Amazon SageMaker
Developer Guide

Examples: Using Amazon SageMaker with TensorFlow

Amazon SageMaker provides the following example notebooks in your Amazon SageMaker notebook instance:

  • tf.estimator (iris_dnn_classifier)—This introductory example shows how to use the Amazon SageMaker sagemaker.tensorflow.TensorFlow estimator class. It uses this class to create a model for classifying a flower, based on four numerical features. The custom training code provided for this example uses the DNNClassifier to create a neural network with three hidden layers.


  • tf.layers (abalone_using_layers)—This example shows how to use the TensorFlow layers module. It uses the module to create a model that predicts the age of a sea snail, based on seven numerical features. The custom code creates a neural network by individually specifying its layers.

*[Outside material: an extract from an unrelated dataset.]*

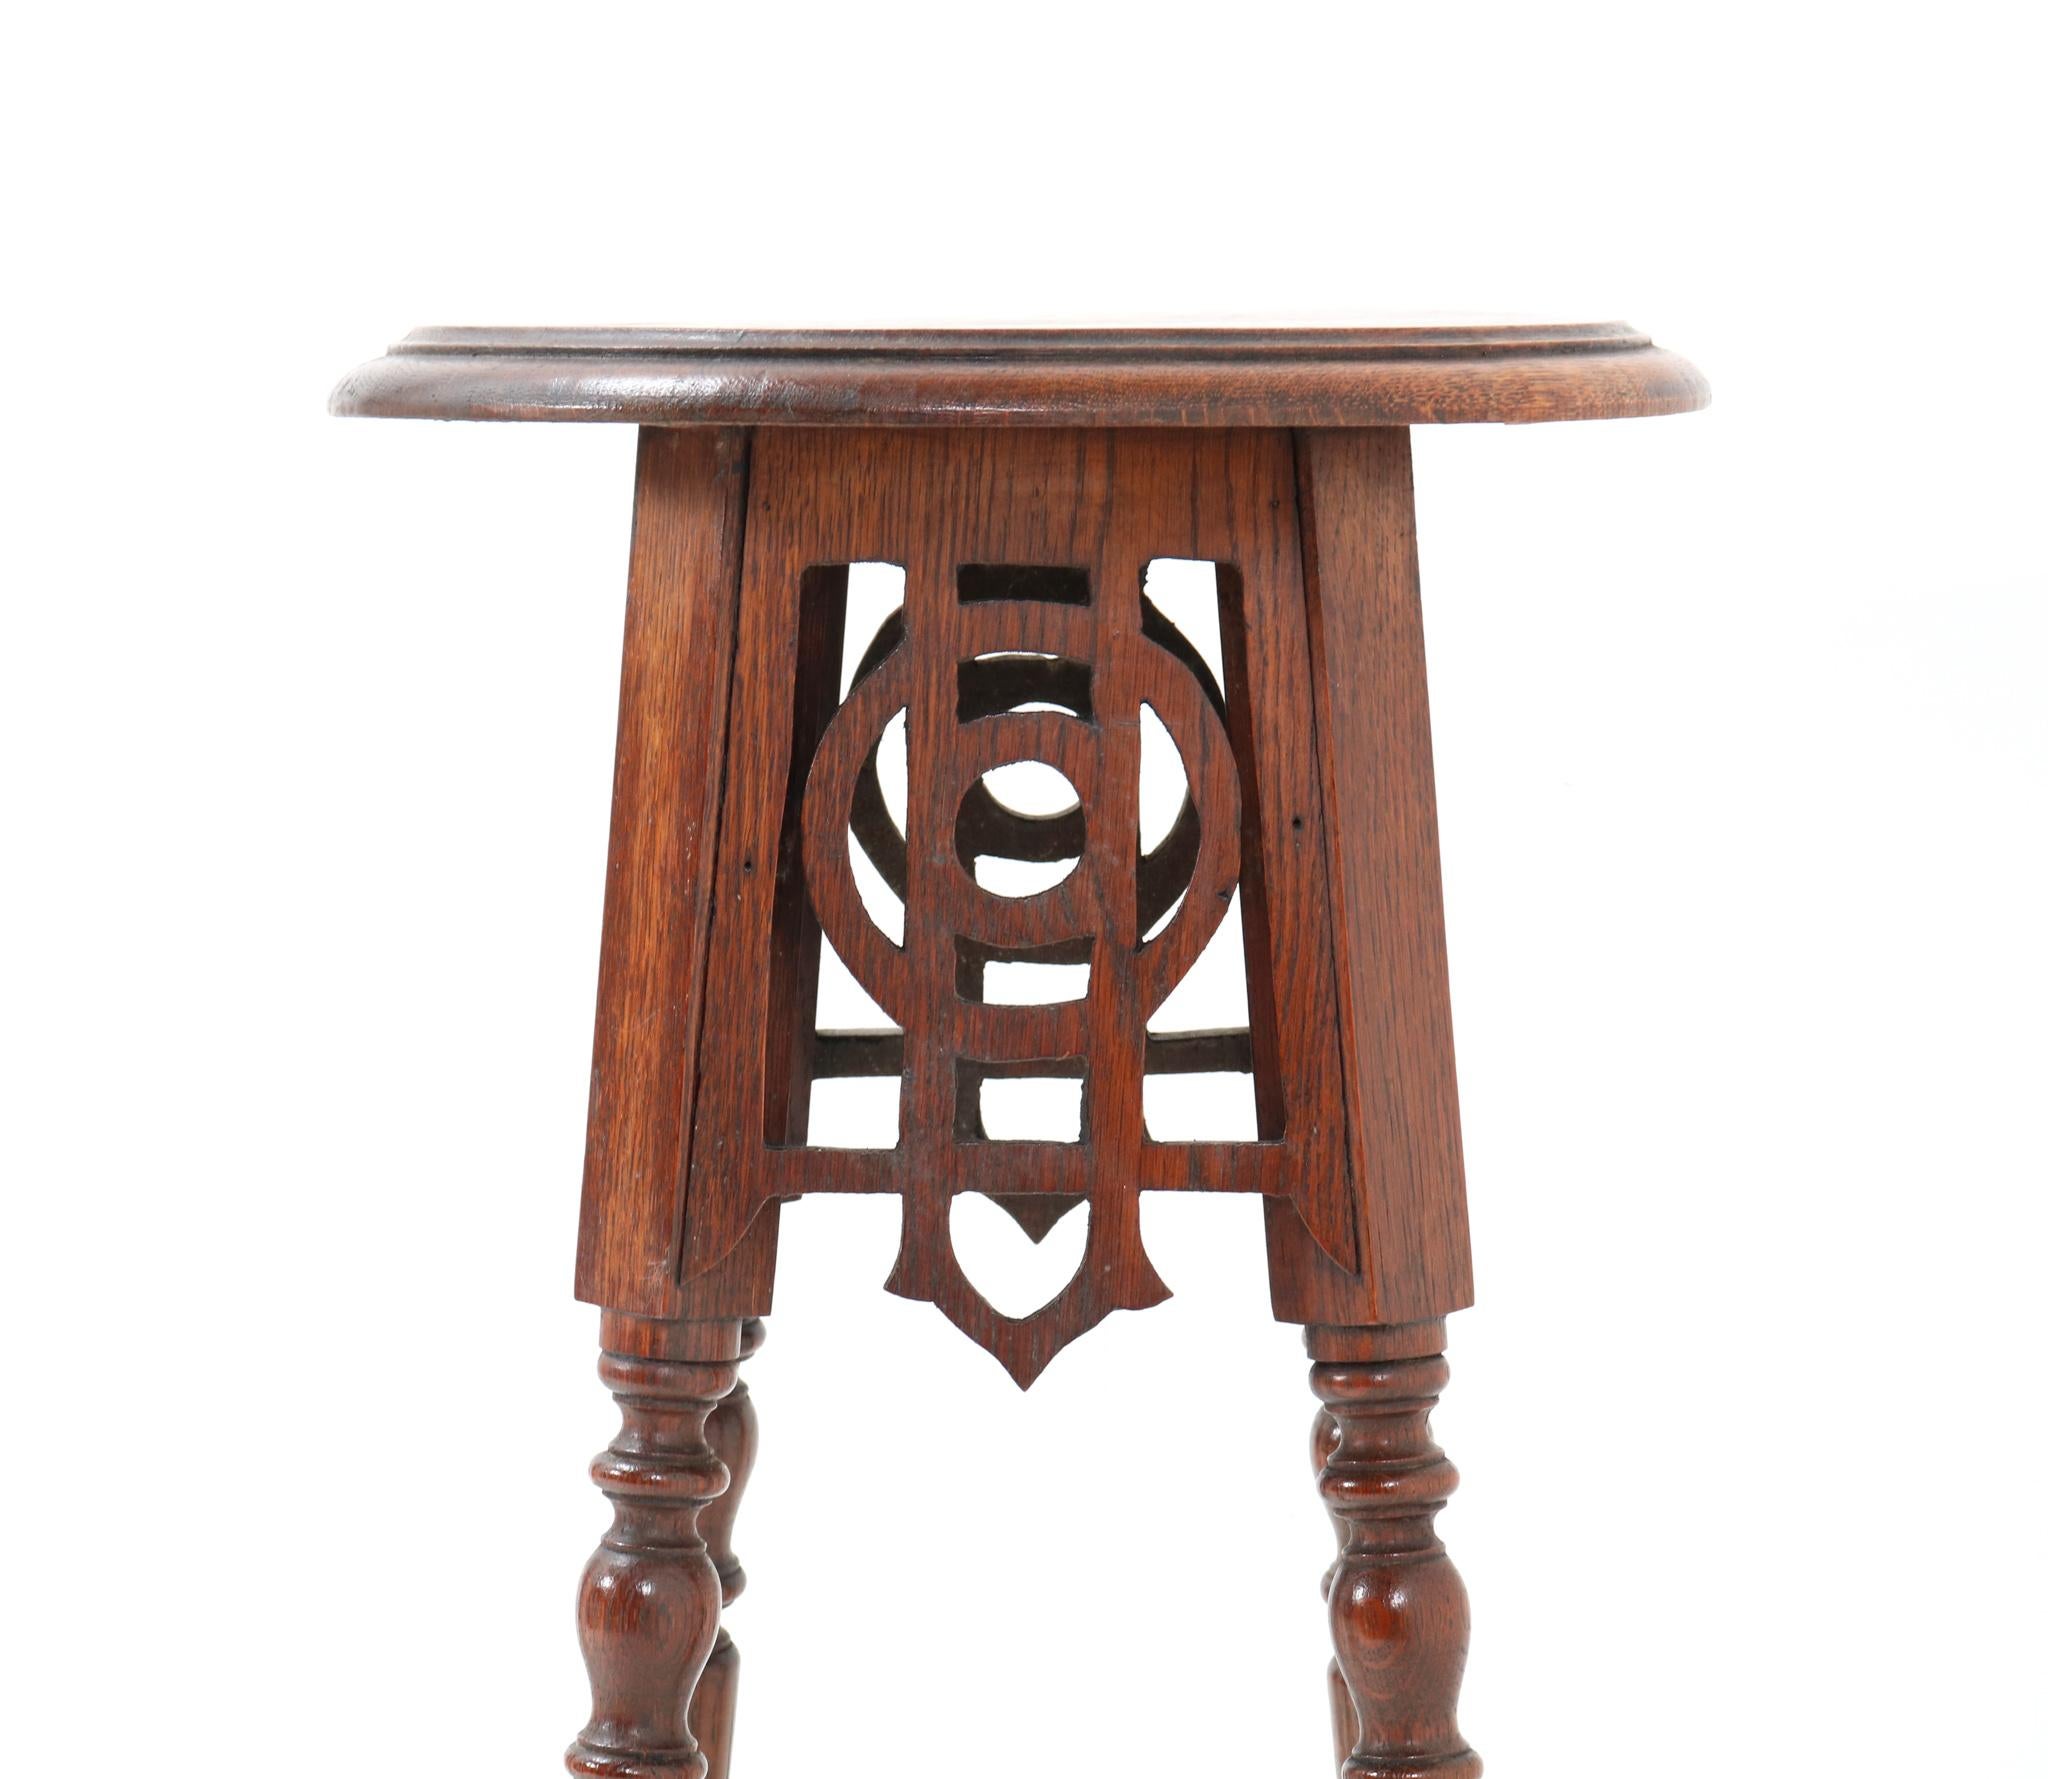 Oak Art Nouveau Pedestal Table or Plant Stand, 1900s For Sale 1

  • tf.contrib.keras (abalone_using_keras)—This example shows how to use the TensorFlow Keras library. It uses the library to create a model that predicts the age of a sea snail.

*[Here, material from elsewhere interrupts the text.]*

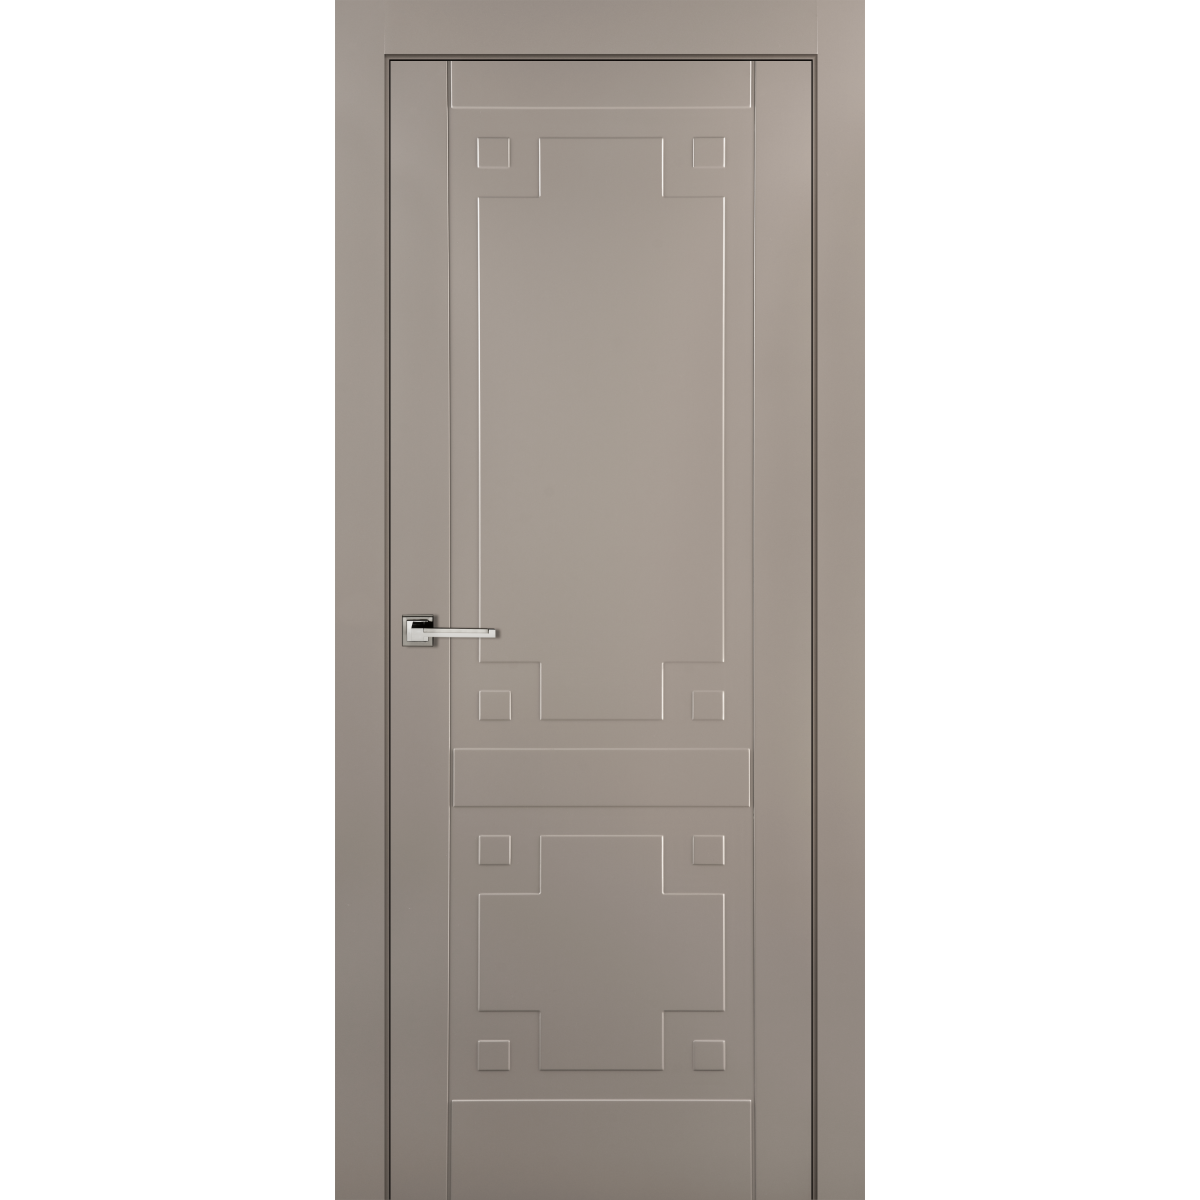 Дверь межкомнатная глухая с замком в комплекте Лира 60x200 см эмаль цвет мускат

  • distributed TensorFlow (distributed_mnist)—In this example, you explore distributed TensorFlow training in Amazon SageMaker. You use a convolutional neural network (CNN) to classify handwritten numbers and multiple GPU hosts for distributed training.

  • ResNet CIFAR-10 with Tensorboard (resnet_cifar10_with_tensorboard)— In this example, you use Tensorboard with SageMaker. You use a ResNet model to train the CIFAR-10 dataset and evaluate it using TensorBoard.

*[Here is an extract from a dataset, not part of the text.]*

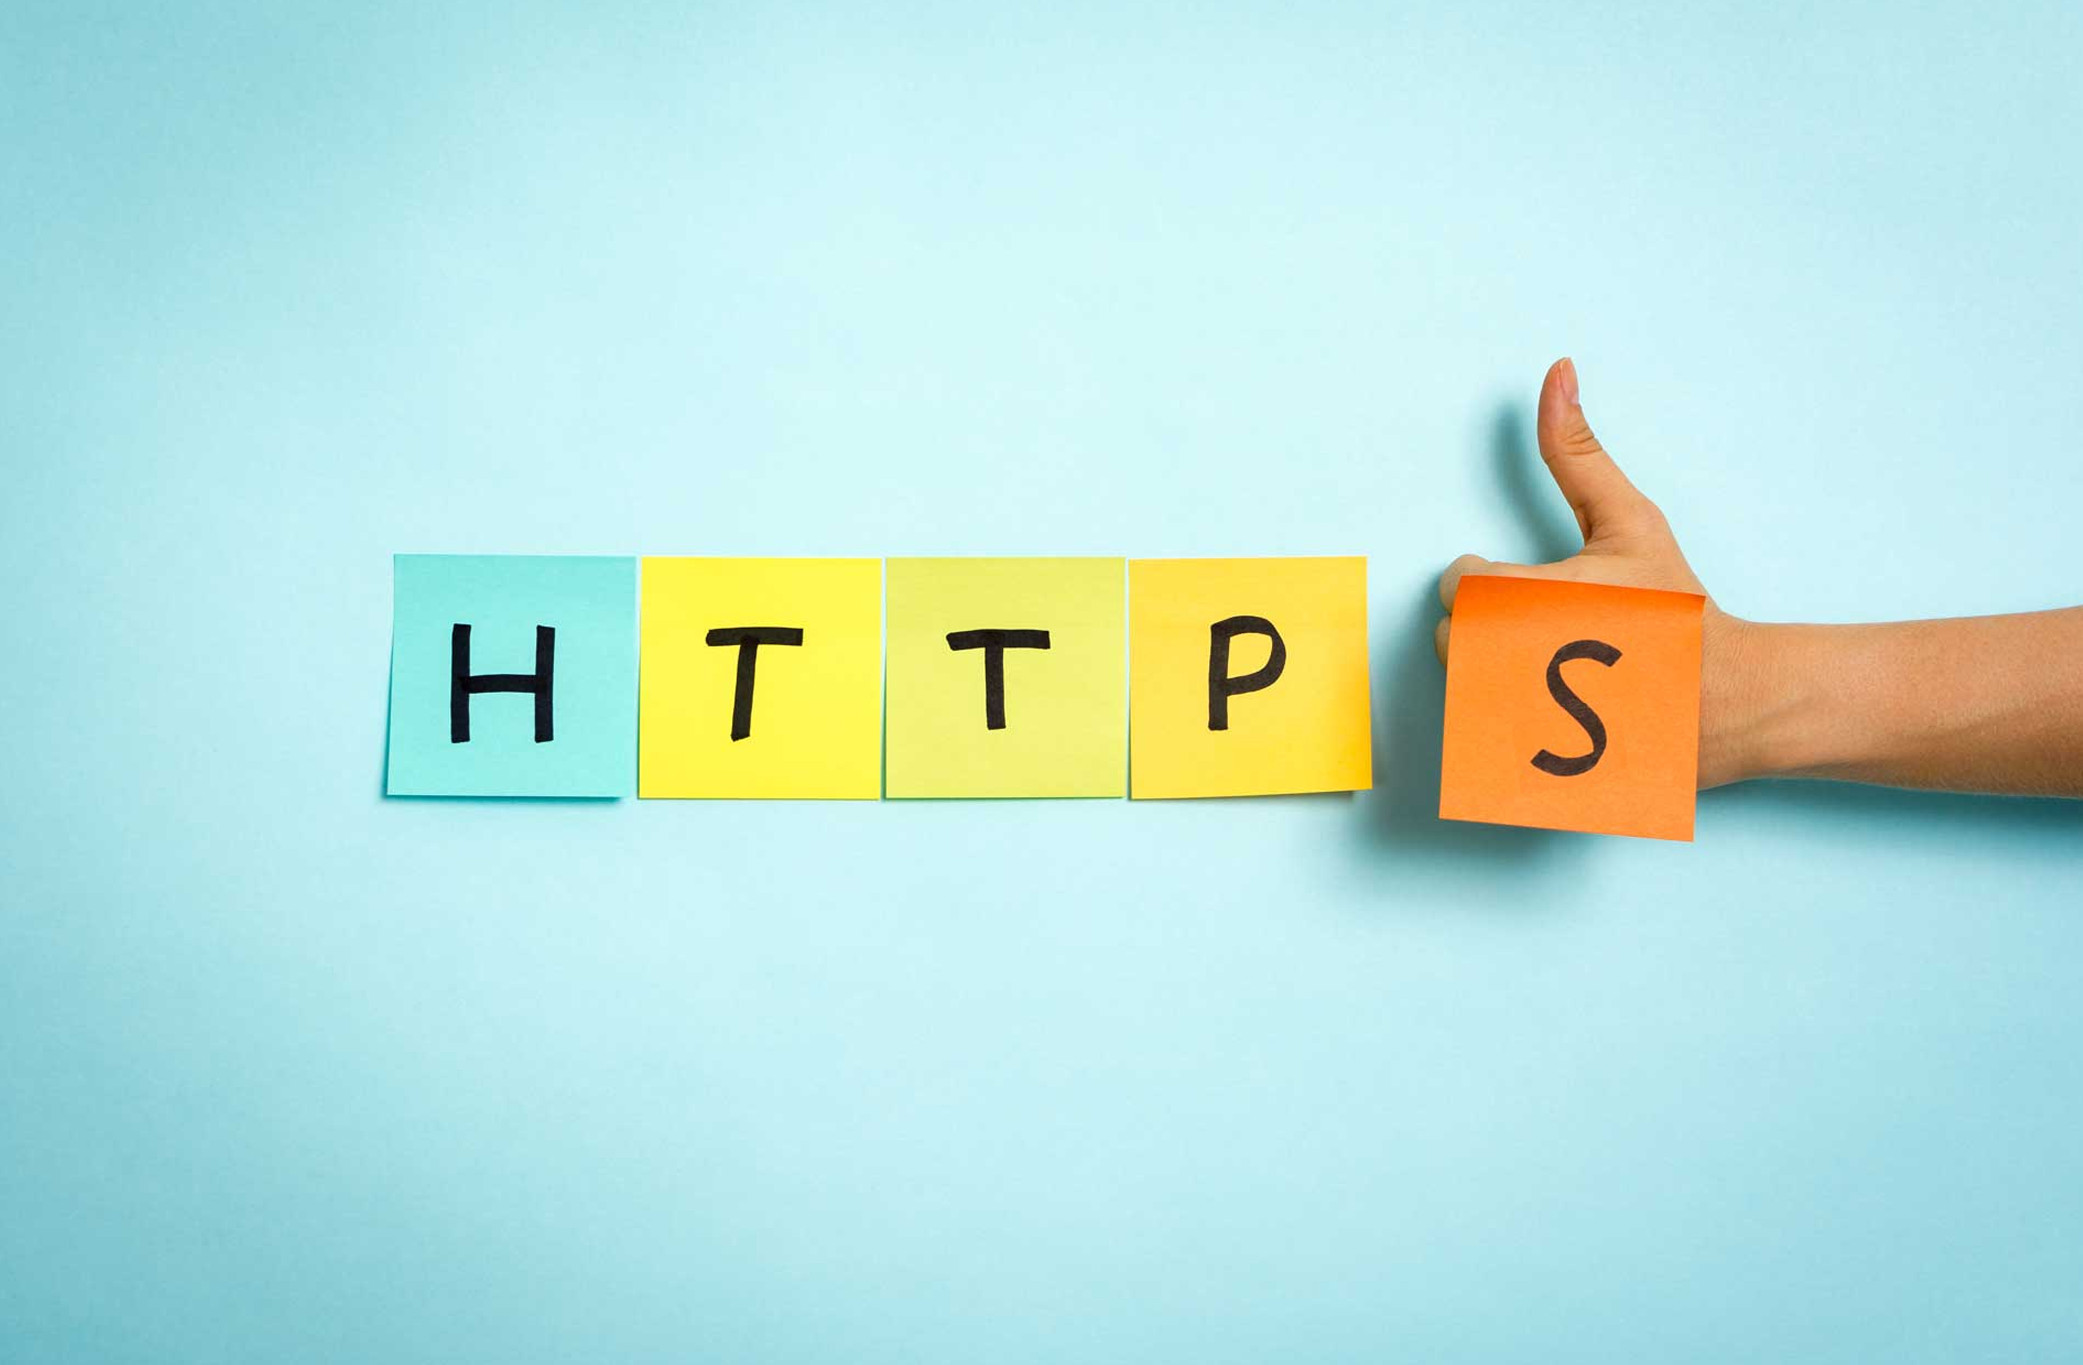 Passage en HTTPS pour un gain SEO, ça marche ou pas?

In the examples, only the TensorFlow custom model training code differs. You interact with Amazon SageMaker the same way in each.

The examples use the high-level Python library provided by Amazon SageMaker. This library is available in the Amazon SageMaker notebook instance that you created in Getting Started. If you use your own terminal, download and install the library using one of the following options:

The following topic explains one TensorFlow example in detail. All of the TensorFlow example notebooks that Amazon SageMaker provides follow the same pattern. They differ only in the custom TensorFlow code that they use for model training.

There are two ways to use this exercise:

  • Follow the steps to create, deploy, and validate the model. You create a Jupyter notebook in your Amazon SageMaker notebook instance, and copy code, paste it into the notebook, and run it.

  • If you're familiar with using notebooks, open and run the example notebook that Amazon SageMaker provides in the notebook instance.